:: WHAT YOU WILL DO ::
All of the data should be output character for character, except the pictures.

:: DATA BELOW ::
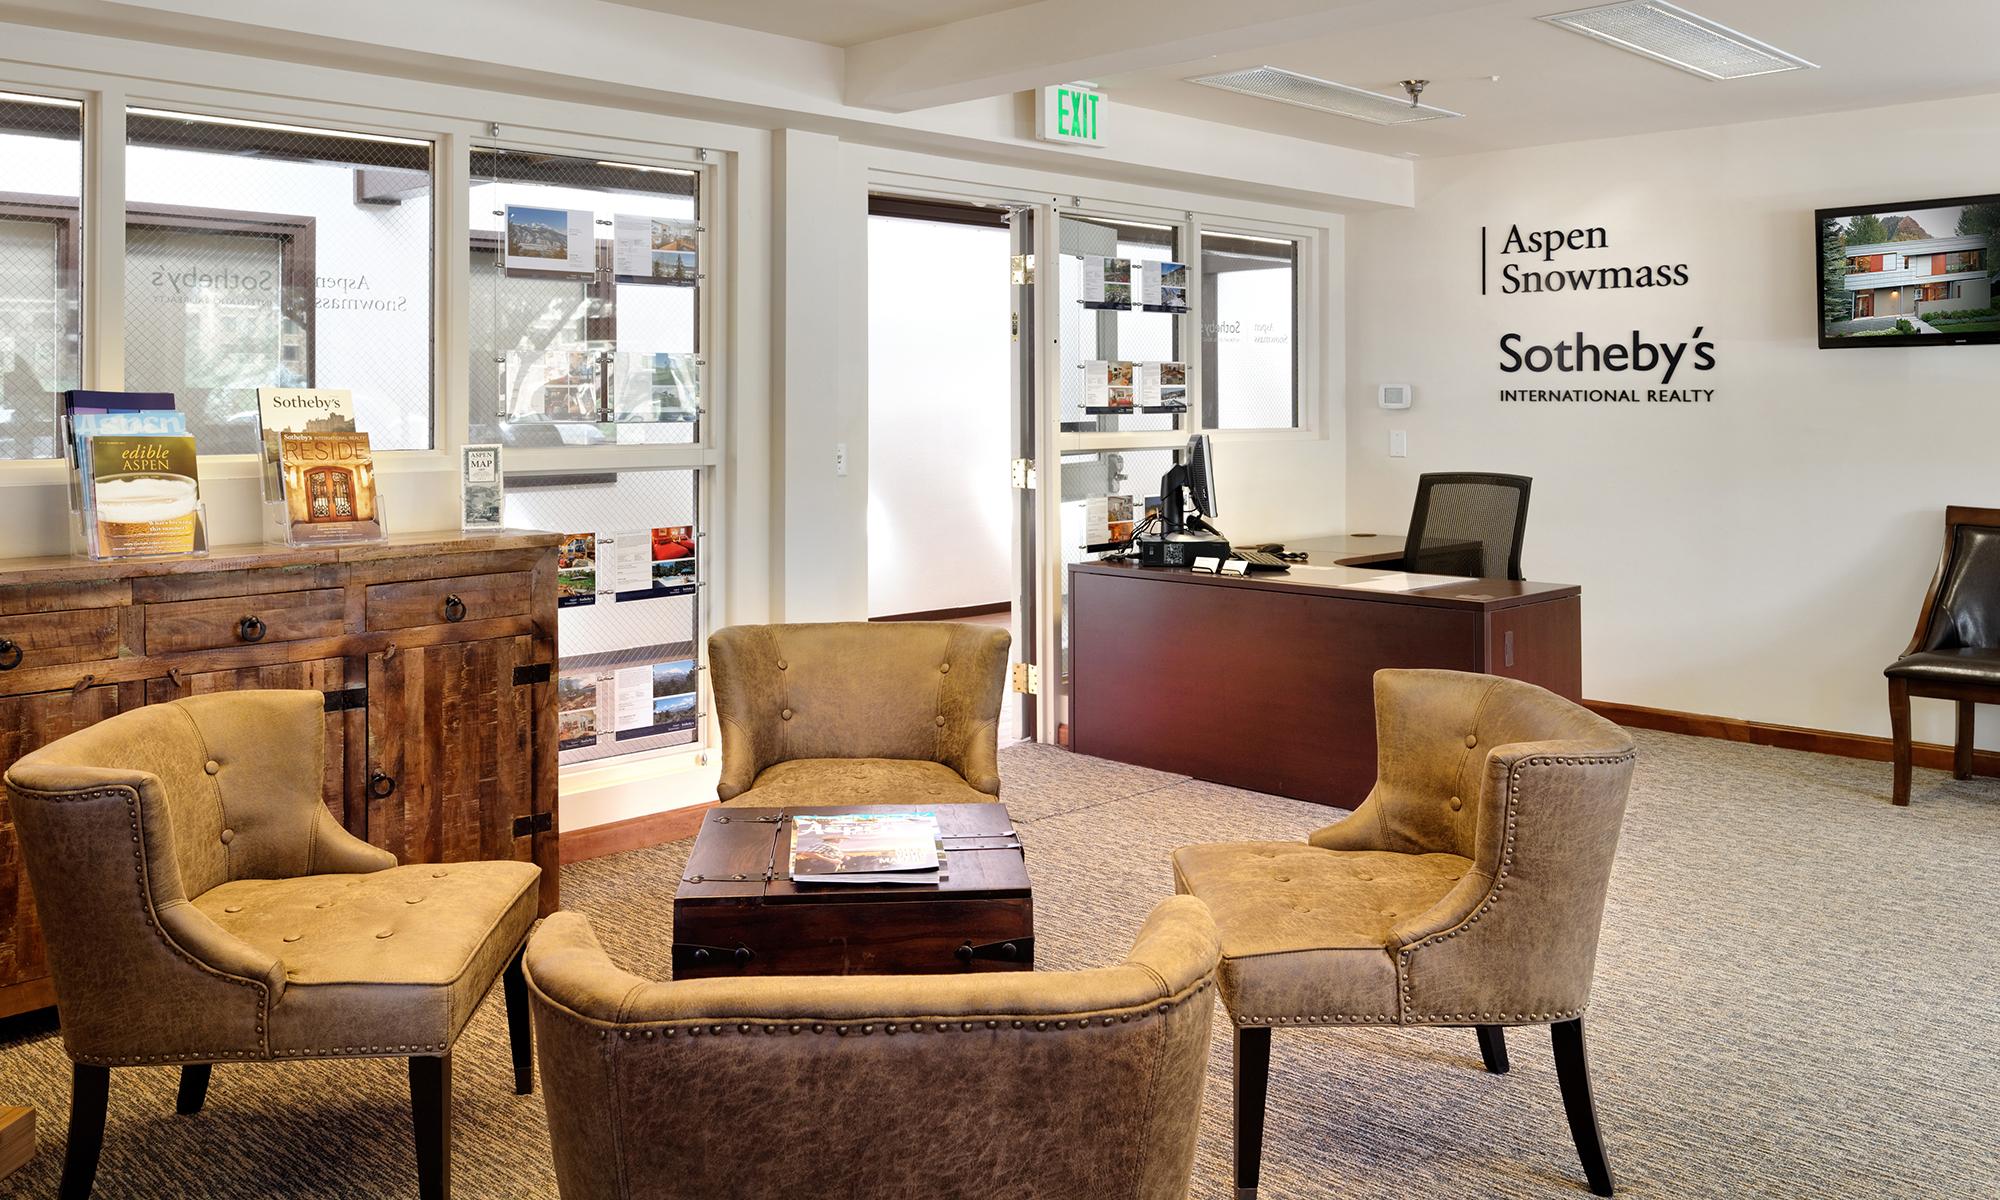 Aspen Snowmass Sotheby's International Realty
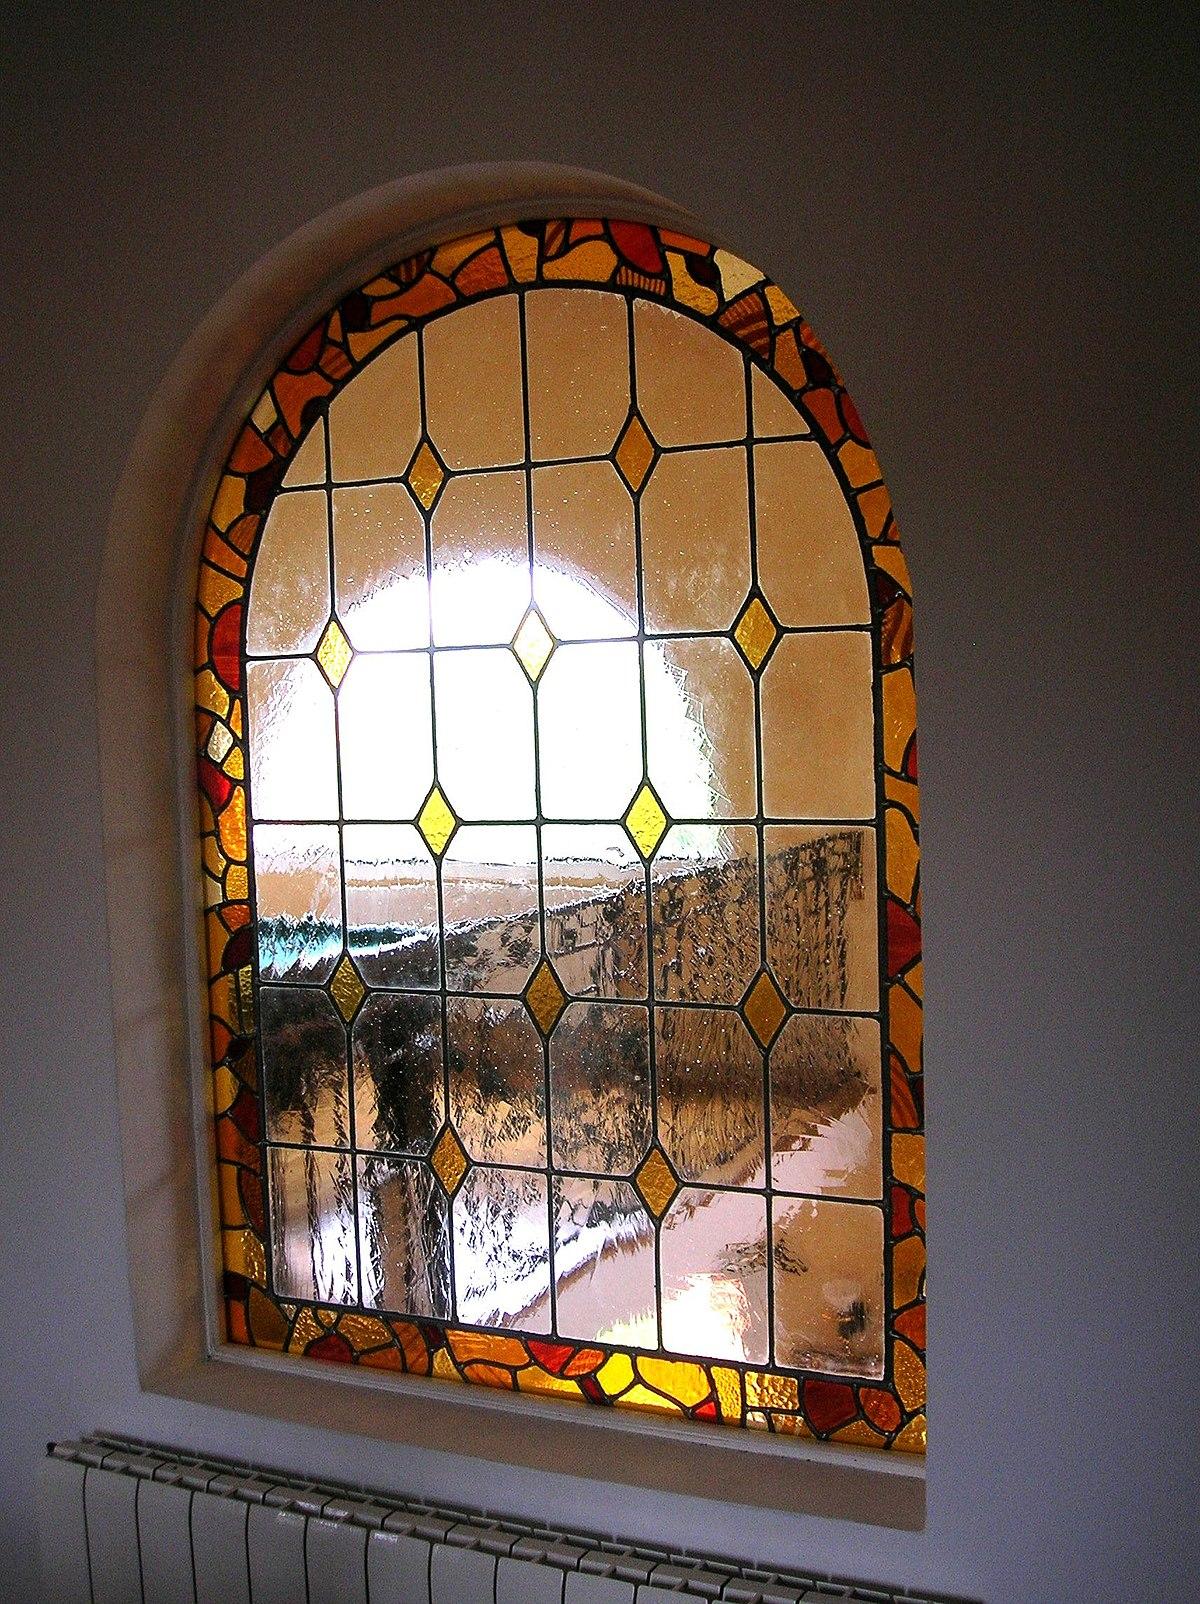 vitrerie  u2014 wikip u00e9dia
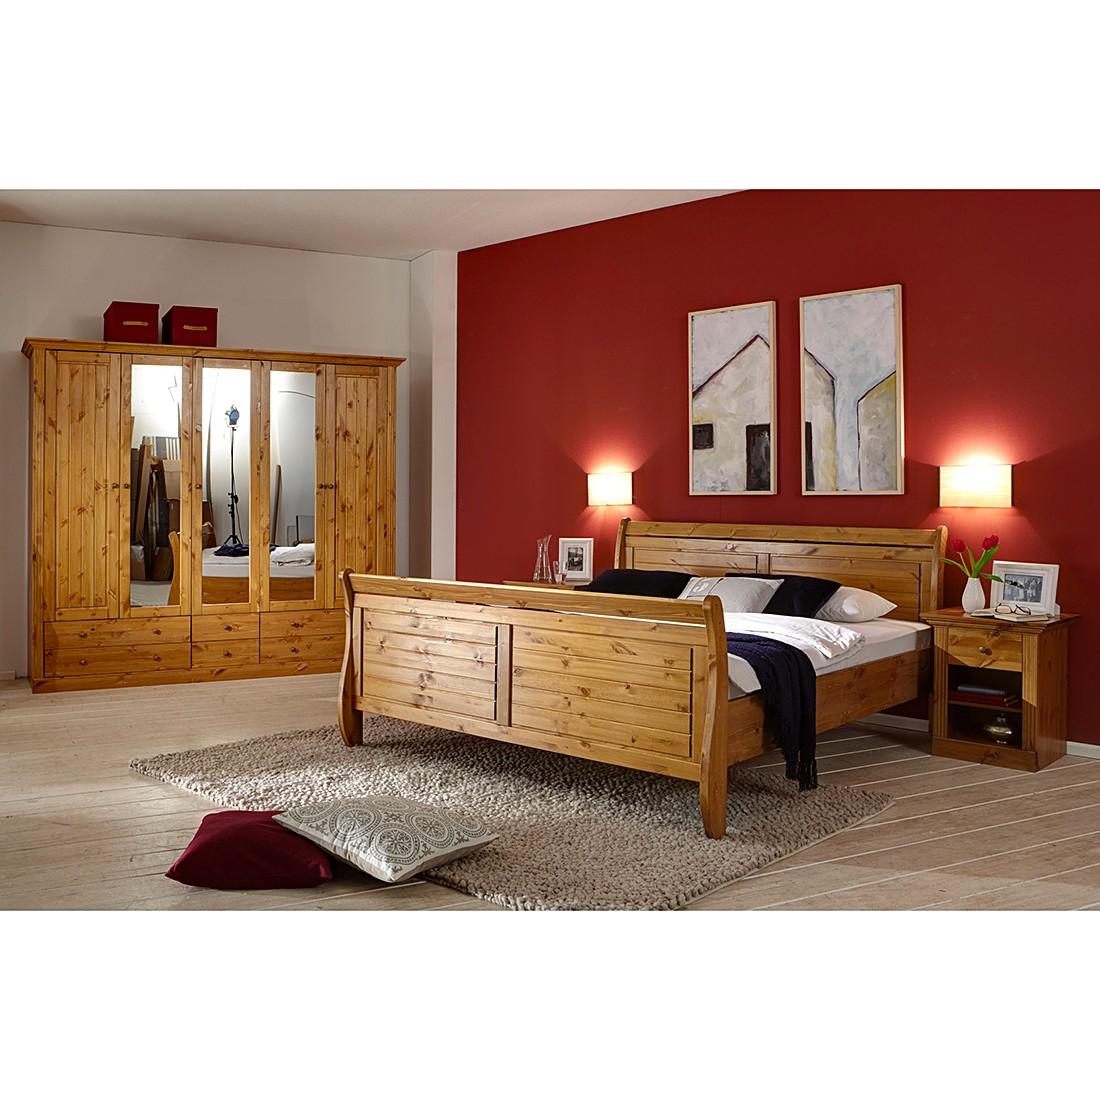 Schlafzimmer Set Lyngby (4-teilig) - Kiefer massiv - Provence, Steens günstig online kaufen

:: EXERCISE SOLUTION ::
 Aspen Snowmass Sotheby's International Realty
 vitrerie  u2014 wikip u00e9dia
 Schlafzimmer Set Lyngby (4-teilig) - Kiefer massiv - Provence, Steens günstig online kaufen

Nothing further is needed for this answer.